The big success of numerical computations in real life problems seems to show that symbolic computation is of little use for such problems. However, as is well-known, symbolic preprocessing of a system of polynomial (even ordinary and partial differential) equations may not only lead to much better conditions for the system to be solved numerically but even make numerical solving possible.
There is continuous progress in this direction, cf. CLO2,Moe,Ve, not only by Gröbner basis methods. A completely different approach via multivariate resultants (cf. CE) has become favourable to several people due to the new sparse resultants by Ge. However, an implementation in SINGULAR (cf. We,Hil) does not show superiority of resultant methods, at least for many variables against triangular set methods of either Lazard or Möller. Nevertheless, much more has to be done.
The main disadvantage of symbolic methods in practical, real life applications is its complexity. Even if a system is able to return a symbolic answer in a short time, this answer is often not humanly interpretable. Therefore, a symbolic simplification is necessary, either before, during, or after generation. Of course, the result must still be approximately correct.
This leads to the problem of validity of ``simplified'' symbolic computation. A completely open subproblem is the validity resp. error estimation of Gröbner basis computations with floating point coefficients.
The simplification problem means providing simple and humanly understandable symbolic solutions which are approximately correct for numerical values in a region which can be specified. This problem belongs, in my opinion, perhaps to the most important ones in connection with applications of computer algebra to industrial and economical problems.
Before Gröbner bases were introduced by Buchberger, the so-called Ritt-Wu method, cf. Ri, was developed for symbolic computation in non-commutative rings of differential operators. However, nowadays, commutative Gröbner bases are implemented in almost every major computer algebra system, whilst only few systems provide non-commutative algorithms. Standard bases for some non-commutative structures have been implemented in the system FELIX [Apel and Klaus1991] as well as in an experimental version in SINGULAR; the system Bergman and an extension called Anick can compute Gröbner bases and higher syzygies in the non-commutative case.
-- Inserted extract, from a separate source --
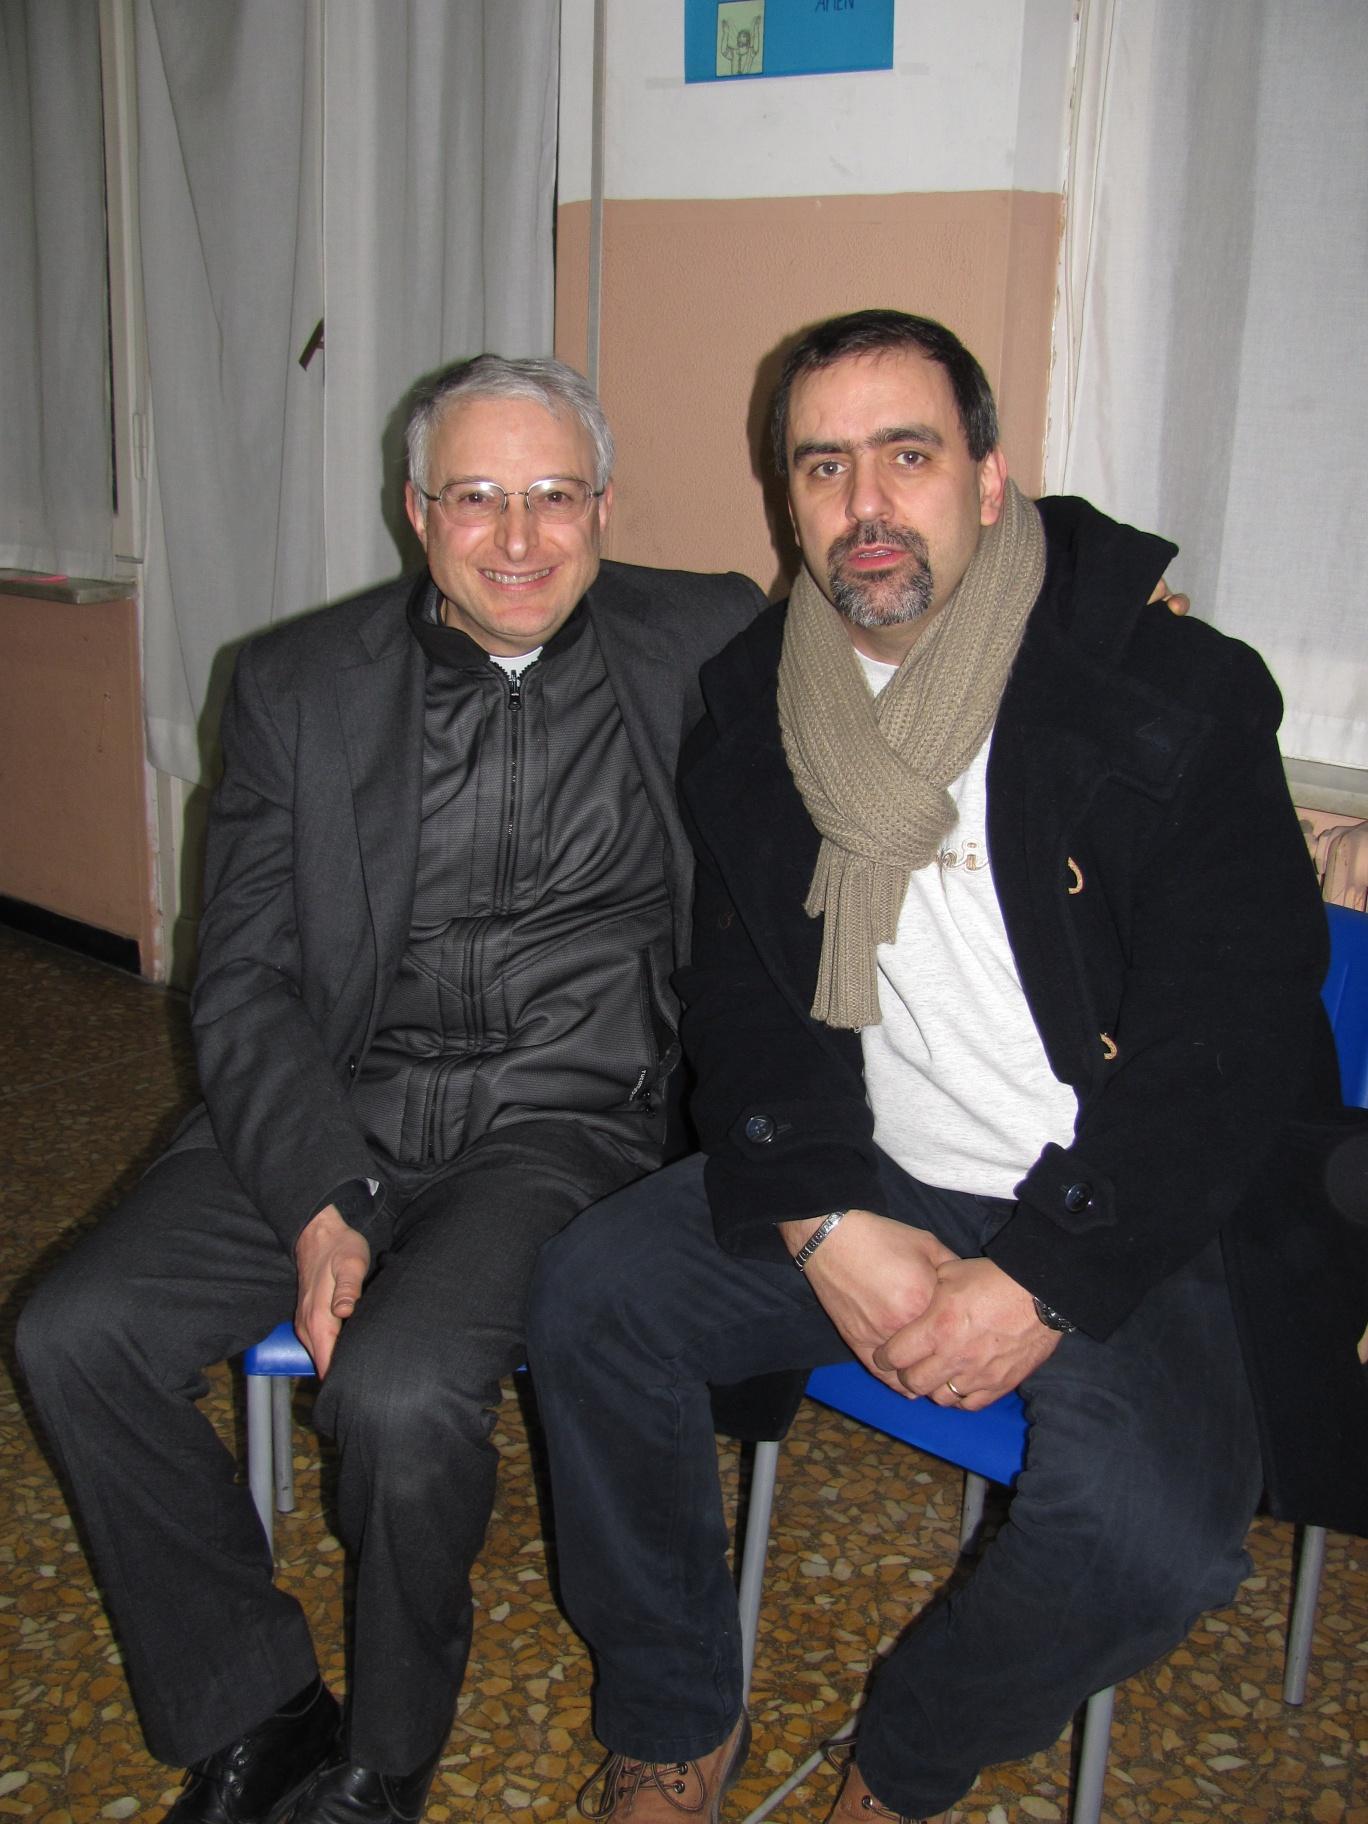 ricordo_battesimo_gesu_2011-01-23-18-05-38

Highly desirable are effective implementations for non-commutative Gröbner bases in the Weyl algebra, the Grassmannian, for D-modules or the enveloping algebra of a finite dimensional Lie algebra (the general theory being basically understood, cf. Mo2,Uv,Ap).
The recent textbook of SST shows a
wide variety of algorithms for modules over the Weyl algebra and
-modules for which an efficient implementation is missing.
But even classical algebraic geometry, as was shown, for example, by KM, has a natural embedding into non-commutative algebraic geometry. A special case is known as quantisation, a kind of non-commutative deformation of a commutative algebra.
Providing algorithms and implementations for the use of computer algebra in non-commutative algebraic geometry could become a task and challenge for a new generation of computer algebra systems.